ようやく離れた時、二人は荒いものとなっていた。
「これ以上は無理だ、リザ……これは思っていたよりもきついな。予想はしていたが」
エルランドは情けなさそうに呻く。
「俺の忍耐が冬まで持つかどうか」
「大丈夫よ。新しく来たお医者様が、体がもう少し安定したら鉄樹のことは大丈夫だって言っていたから」
「なんで、俺の心情がわかる?(以前は鈍感だったくせに)」
なんとなく前屈みになったエルランドは、悪戯っぽく笑っている妻に尋ねた。
「わかるわよ。だって私も同じ気持ちだから。大丈夫、あなたの子だもの。きっとすごく丈夫よ! 私にはわかるの。だから早く生まれてきてね? ウィラード」
「ウィラード?」
エルランドは目を見張った。
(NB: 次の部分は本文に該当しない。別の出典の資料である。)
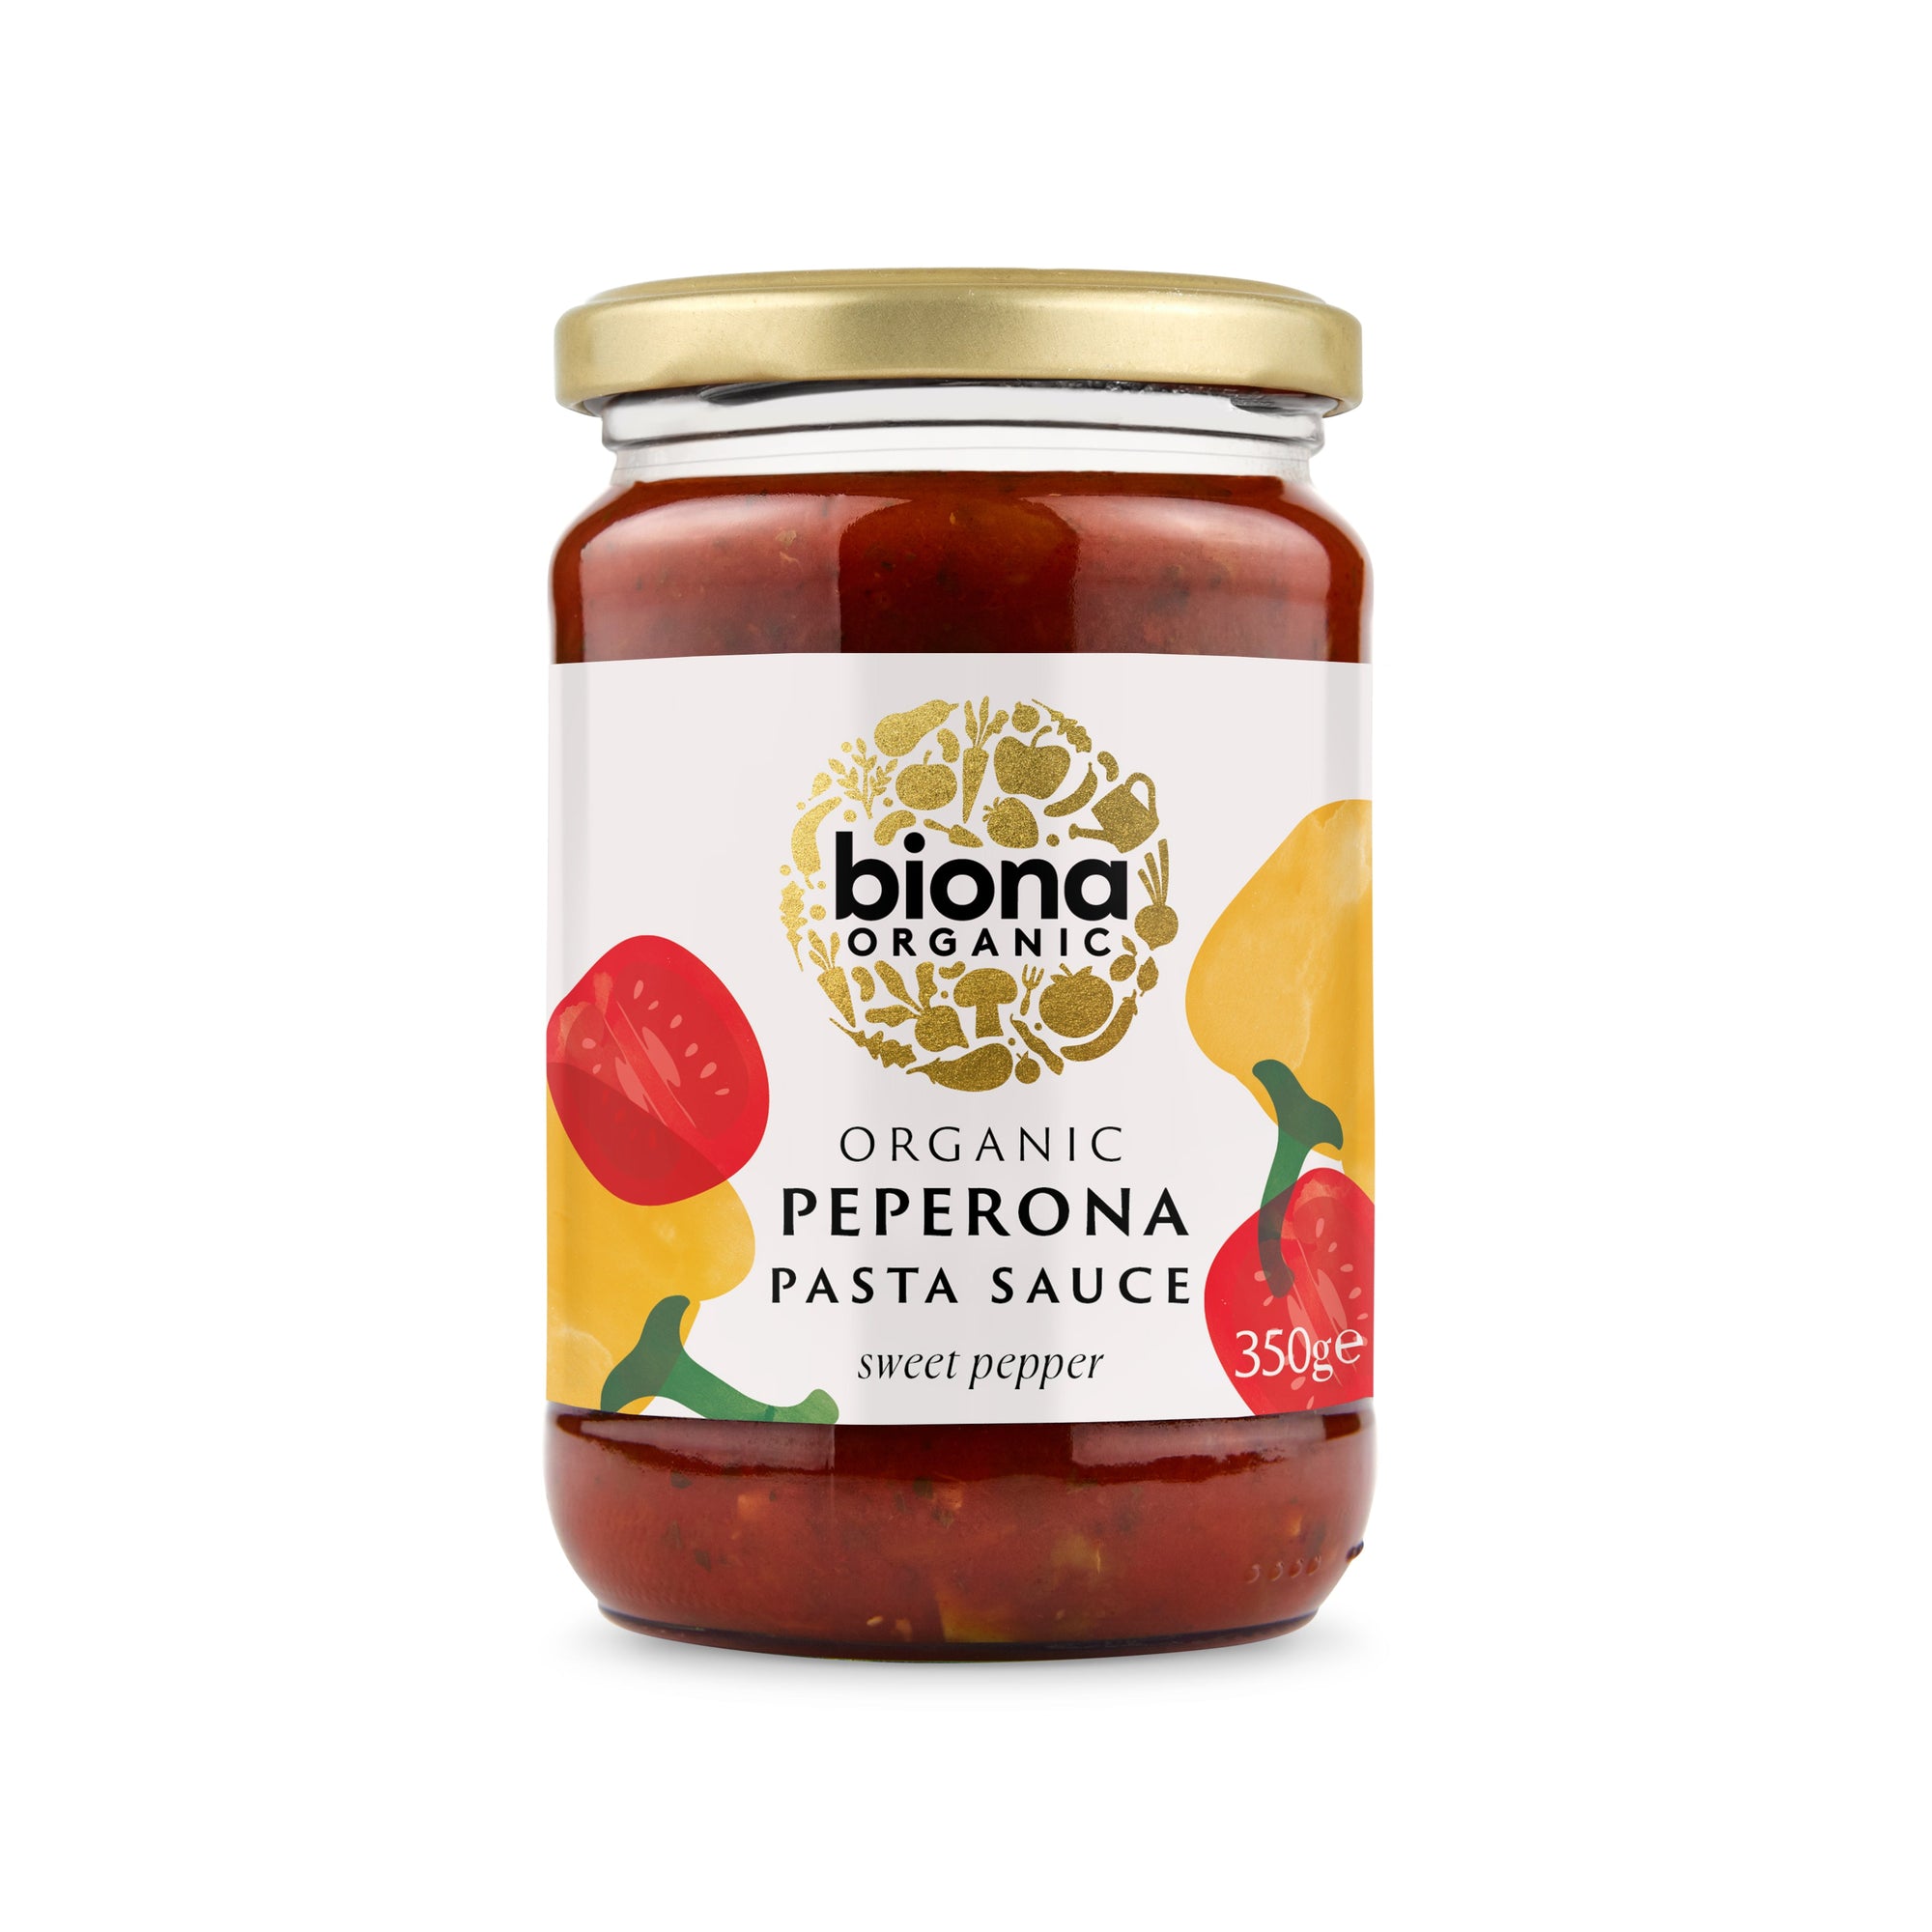 Biona Organic Peperona Pasta Sauce (350g)

それは不遇のうちに亡くなったエルランドの父の名だった。
「ええ。この子の名前。あなたのお父様のお名前をいただいたの」
「そ、それは嬉しいが……だって、わからないだろう? まだ男なのか、女なのか」
「それがわかるのです。私のお母さんもわかったて言ってたから。これは確かなことなのです」
「リザの母上が……」
不思議なこともあるものだとエルランドは思った。
「私たちの親は苦労ばかりしてきたでしょう。だから同じ名前をつけて思い切り、幸せにしてあげるの。なので次の子は私のお母さんの名をつけるわ。その次の子はなんにしようかなぁ」
「ちょっと待て。まだこの子も生まれていないのに、何人産む気だ」
やる気満々の小さな妻にエルランドは、慌てて言った。
「欲しいだけ産むの。大丈夫!」
「わかったわかった。でも今日はもう帰ろう。城で皆が心配しているはずだ。コルなどはまだあなたを探しているかもしれない」
「それも大丈夫、さっきエルが来てくれた時、遠くの方から、私に目配せして城の方へ帰っていくコルが見えたもの」
「……気づかなかった」
普段人の気配美は敏感なはずなのに、どれだけ自分はリザしか見ていなかったのだ、とエルランドはやや複雑な気持ちになった。どう考えても自分はリザに勝てそうにない。
一年前リザはこの地にいなかったのだ。それなのに。
「ね。だから、この美しい森をもう少しだけ歩いて帰りましょう。いつまた出かけられるか分からないのだもの」
「仰せのままに、奥様」
エルランドはそう言って腕を差し出した。すぐにそこへリザがぶら下がる。二頭の賢い馬たちは、大人しく歩き出した二人の後をついてきた。
森は夏を迎えようとしている。木漏れ日が透きとおるような緑色でリザの黒髪を優しく照らしていた。
「綺麗ね、とても綺麗。でもああ! 私、冬が待ちきれない!」
二人の願いが叶うのは、その半年後のことであった。